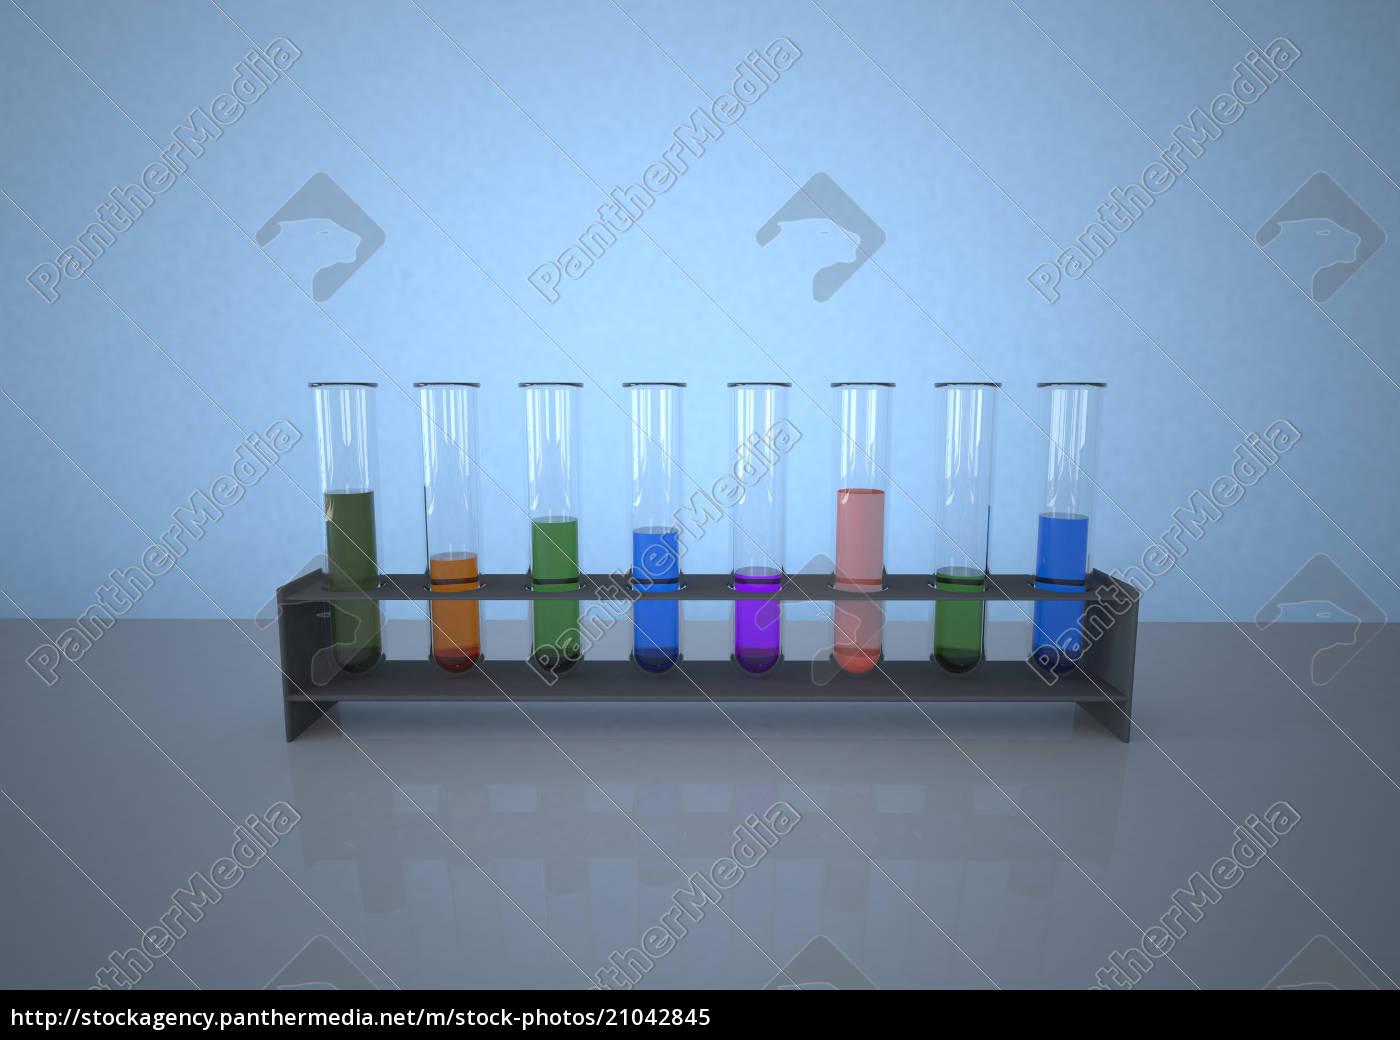 bunte, reagenzgläser, in, rack, vor, blauem - 21042845
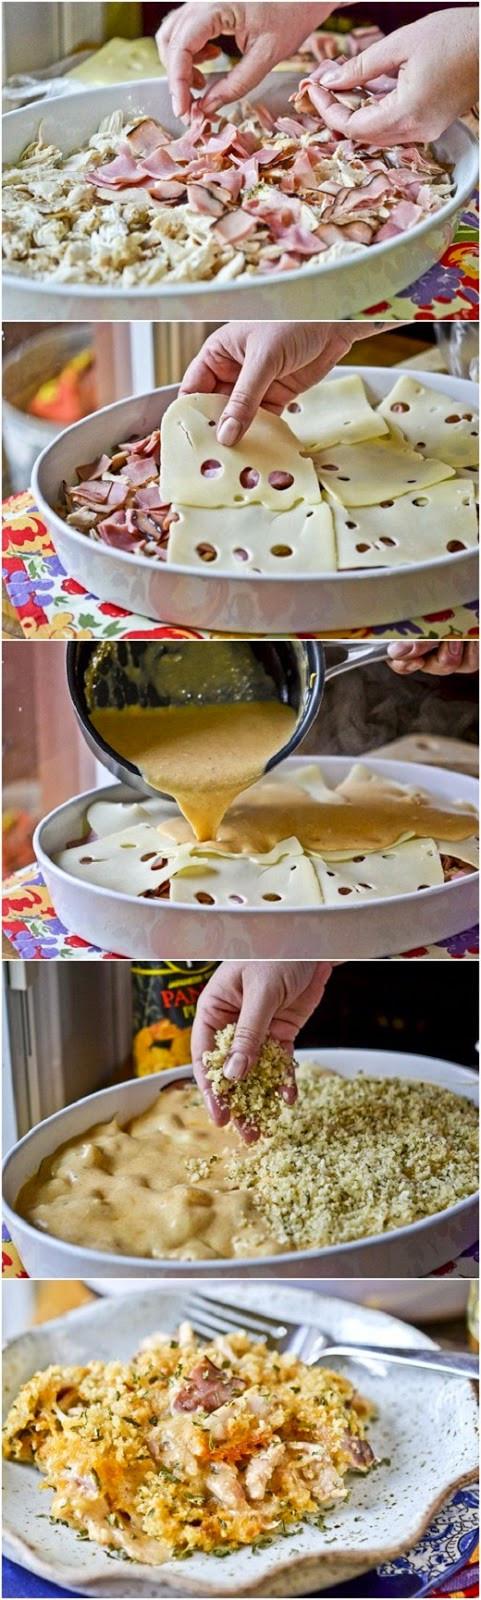 Chicken Cordon Bleu Casserole Recipe  50 Healthy Low Calorie Weight Loss Dinner Recipes
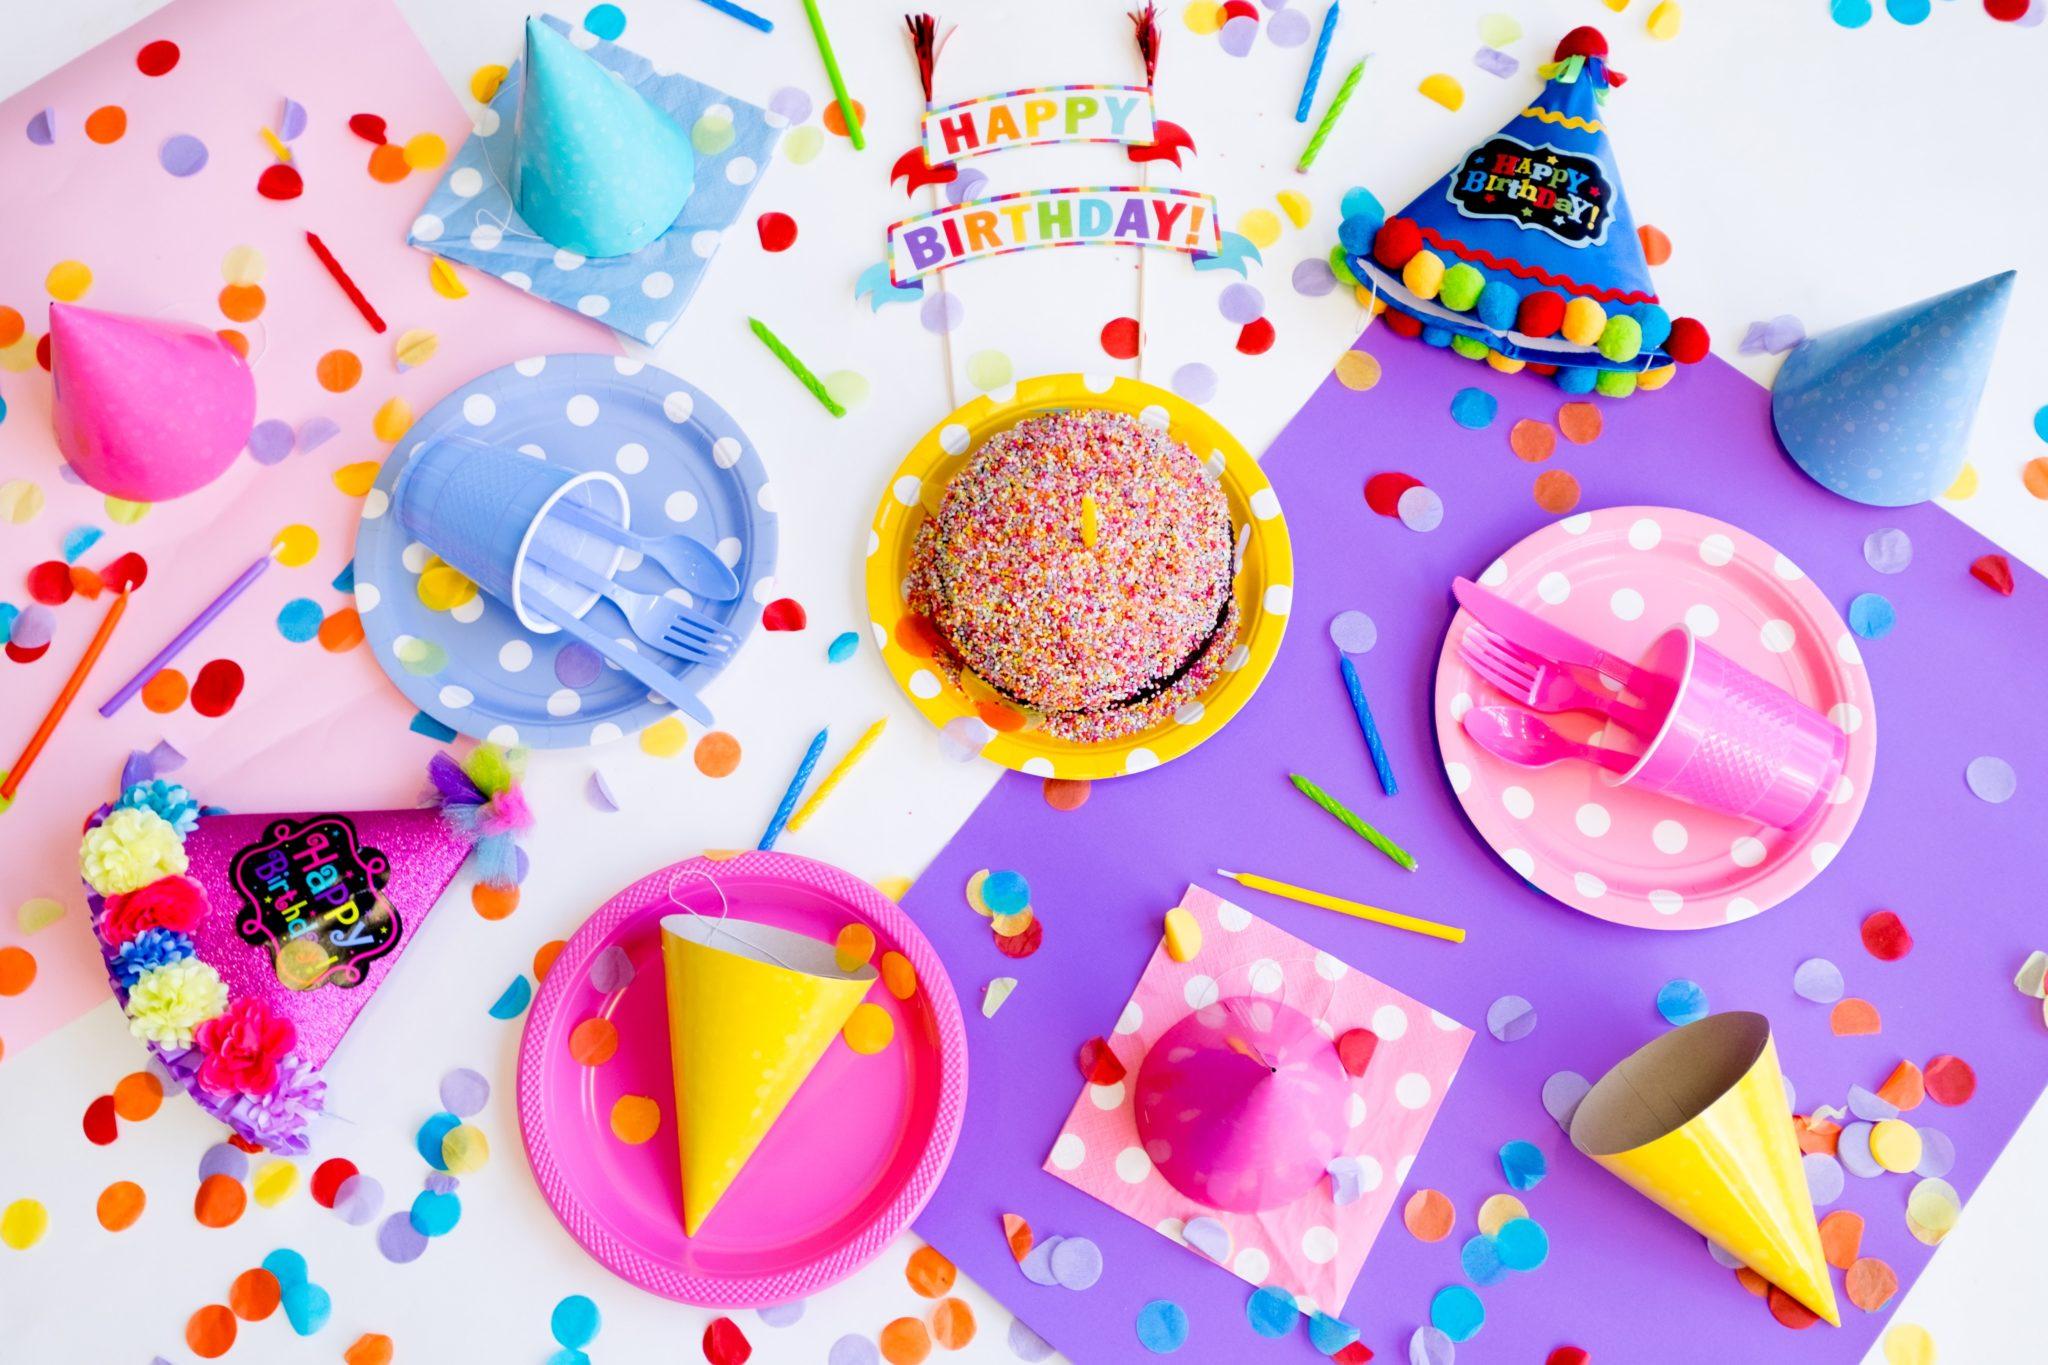 2歳の誕生日にできること!子どもとどのように過ごすといい?

◆ ◆ ◆ ◆ ◆ ◆ ◆

- [What you are asked to do] When you write out the material again, keep every word exact and omit the pictures.

- [Result of this exercise]
 bunte, reagenzgläser, in, rack, vor, blauem - 21042845
 Chicken Cordon Bleu Casserole Recipe  50 Healthy Low Calorie Weight Loss Dinner Recipes
 2歳の誕生日にできること!子どもとどのように過ごすといい?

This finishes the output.